Although forms are input to the map with no information about their internal structure, the dataset was annotated manually, to allow us to correlate variation in the map response after training with variation in the (morphological) structure of training forms. First, for each form, we marked up two uniqueness points: UP1 and CUP. UP1 was marked at the position in the verb form where the stem is uniquely identified, both relative to paradigmatically-unrelated onset-aligned forms in the dataset, and with respect to other possible stem allomorphs within the same paradigm. For example, the stem drunk is distinguished from the unrelated doubt at “r” in second position, but it is distinguished from drink or drank only when “u” is reached in third position⁸. The marking of CUP followed Balling and Baayen in marking the point at which the whole verb form is distinguished from other forms of the same paradigm.

In addition, we based morphological segmentation on a uniform (PREFIX) + STEM + (SUFFIX) template, where the notion of verb stem has the Aronovian, morphomic status of an unpredictable allomorph of the base stem, conveying systematic, but possibly non homogeneous clusters of morpho-lexical features (Aronoff, 1994). Accordingly, formally predictable stems derived from their base stem through a systematic process of stem formation (e.g., English past(walk) → walked) are segmented into a base and a suffix (walk-ed). Inflected forms containing unpredictable stems (e.g., English past_part(drink) → drunk, German past_1S(geben) → gab, German pres_2S(geben) → gibst) are segmented into a stem and a suffix (whenever overtly realized) (e.g., drunk-, gab-, gib-st).

Paradigms that undergo unpredictable stem formation processes are classified as irregular. Paradigms whose stems are formed transparently and systematically⁹ are annotated as regular. In Standard Modern Arabic, where verbs appear to cluster into different inflectional classes depending on the vocalic patterns intercalated with the roots, irregular (or weak) verb paradigms have stems that undergo a reduction in the number of root consonants (traditionally referred to as first, second, third weak and doubled roots, depending on the position and number of the radical consonants being dropped) (Marzi et al., 2017). Our segmentation template thus cuts across the traditional regular vs. irregular classification, yielding ya-ktub-u “he writes” and katab-a “he wrote” (as an example of a regular paradigm), together with ya-qūl-u “he says” and qāl-a “he said” (as an example of an irregular paradigm). Finally, for those languages (like Modern Greek and Italian) where regular paradigms exhibit unpredictable stem vowel selection (Ralli, 2005, 2006), stem identity/regularity was based on the form obtained by dropping the thematic vowel from the stem (Pirrelli, 2000; Pirrelli and Battista, 2000; Bompolas et al., 2017).

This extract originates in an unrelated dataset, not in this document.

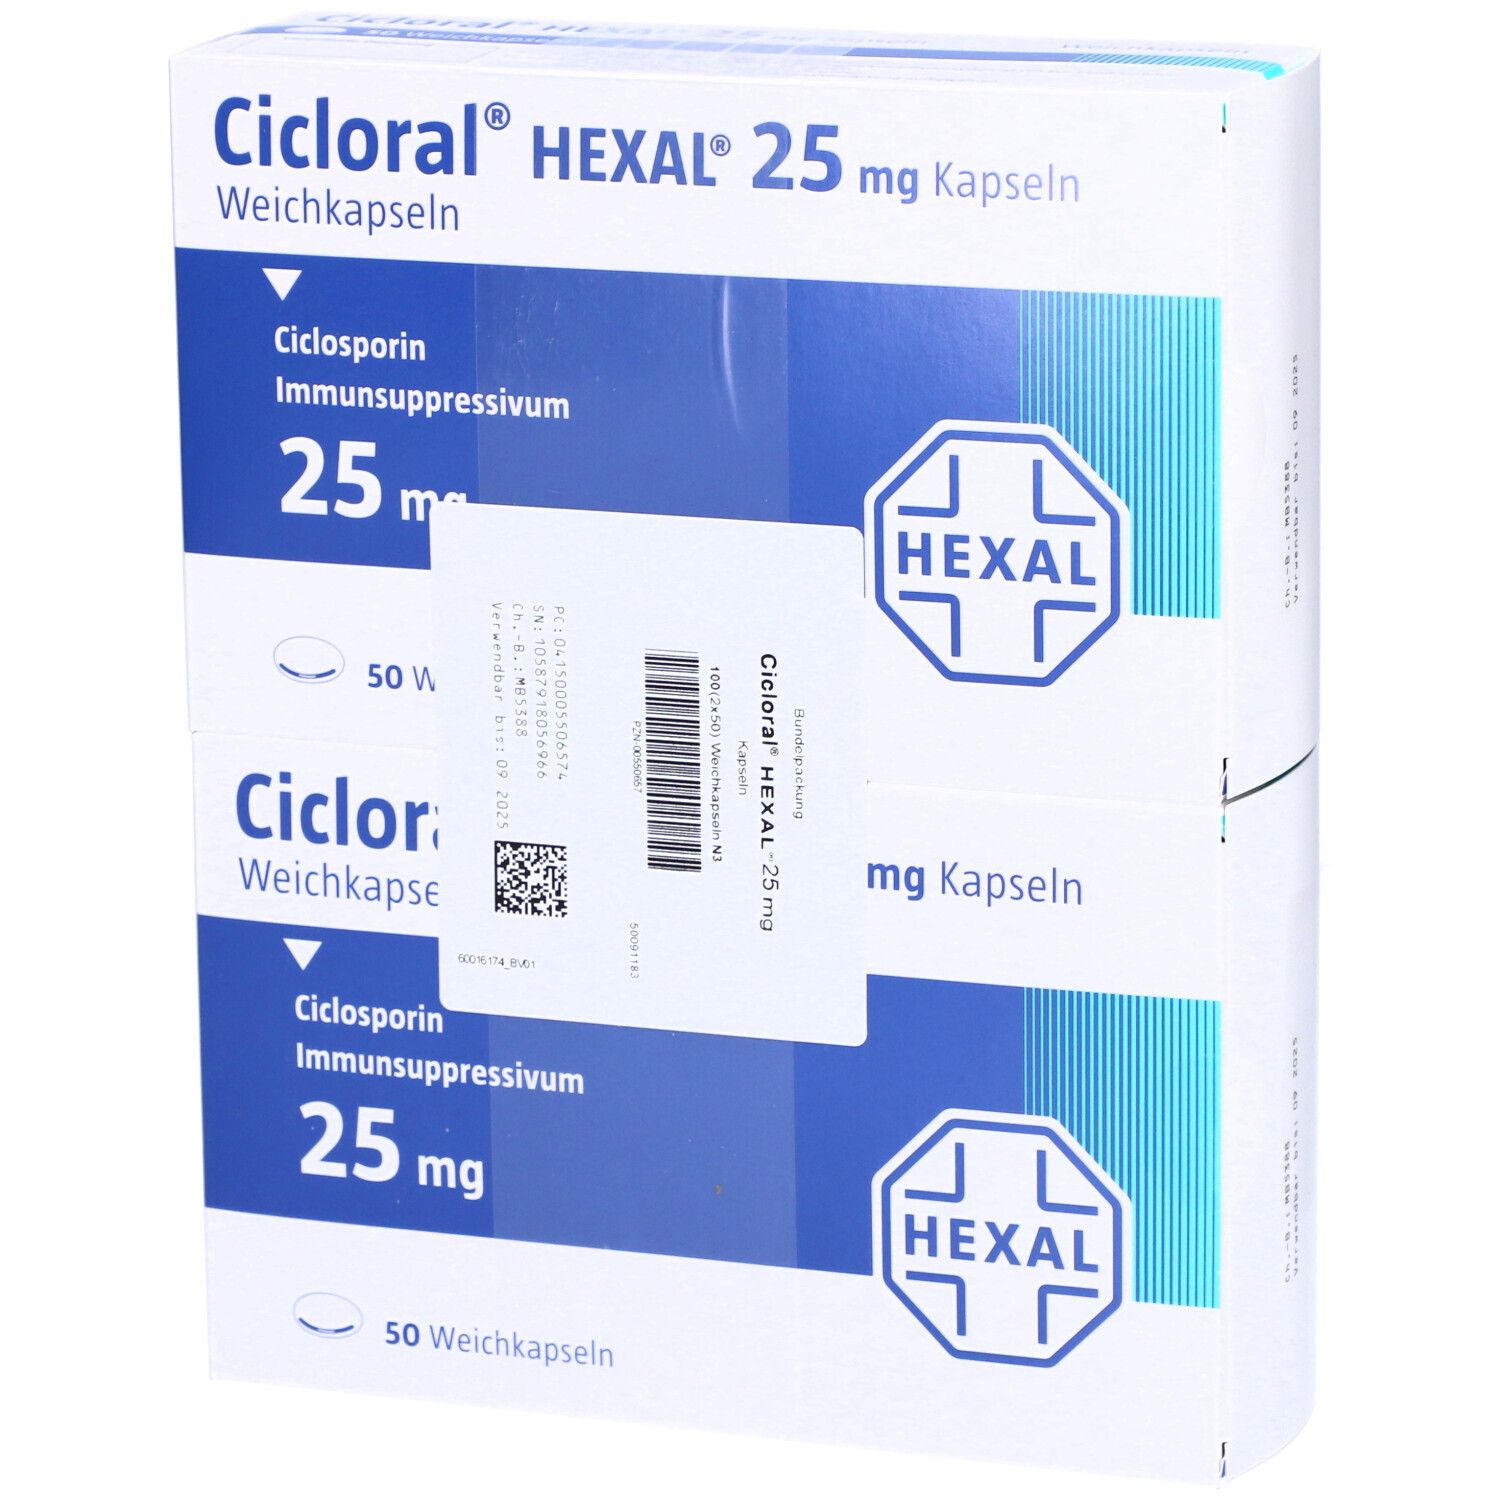 Cicloral® HEXAL® 25 mg

To annotate graded regularity in our data, we define, for each paradigm, the stem-family of a target form as the set of its formally distinct stem-sharing members. For instance, in our English training set, the forms drink, drinks and drinking are each associated with a stem-family of size 2, whereas drank and drunk have each an empty family. Likewise, the Italian verb forms veng-o “I come” and veng-ono “they come” have each a stem-family of size 1, as do vien-i “you come” (2s) and vien-e “(s)he comes.” In contrast, ven-ire “to come,” ven-iamo “we come,” ven-ite “you come” (2p), ven-isti “you came” (2s), ven-immo “we came,” and ven-iste “you came” (2p) have a stem-family of size 5. Finally, for each paradigm, we calculate its average stem-family size, and then normalize it by dividing it by the maximum number of possible stem-sharing members in the paradigm. Accordingly, the paradigm regularity for drink is $\frac{2 + 2 + 2 + 0 + 0}{5} \cdot \frac{1}{4} = \frac{3}{10}$ . The score, which we will refer to in section 4 as gradient paradigm regularity, ranges between 0 (minimum value obtained when each paradigm member is formed on a distinct stem) and 1 (maximum value, obtained when a paradigm is fully regular, i.e., when the stem-family of each paradigm member includes all other members of the same paradigm).

We used the same setting of free learning parameters for training TSOMs on all languages. However, to minimize the impact on the map topology of cross-linguistic differences in the training data (for instance, in terms of form length and number of form types: see Table 1)¹⁰, the number of nodes for each language-specific map was made to vary so as to keep constant the ratio between the map size and the number of nodes required to represent its training set with a word tree. Accordingly, a language-specific map size ranges between 35 × 35 nodes (English) and 42 × 42 nodes (Greek). Due to the combined effect of keeping this ratio constant across languages and preventing the temporal neighborhood radius (see Appendix) from decreasing to zero, maps tend to develop overlapping node chains for word forms sharing the same ending. Ultimately, these constraints on the topological organization of the map avoid data overfitting, as the map cannot possibly build up a dedicated memory traces for each form in the training set, i.e., it cannot memorize the original input data in its entirety (Marzi et al., 2014). For all languages, we stopped training at epoch 100, when all learning parameters reach minimum plasticity (see Appendix). To control for random variability in the map response, for each language we trained and tested the map 5 times on the same data, and averaged the results across all iterations.

4. Results

To analyze the results of our simulations, we focused on the way TSOMs process input words, and adjust their processing strategies while learning different inflectional systems.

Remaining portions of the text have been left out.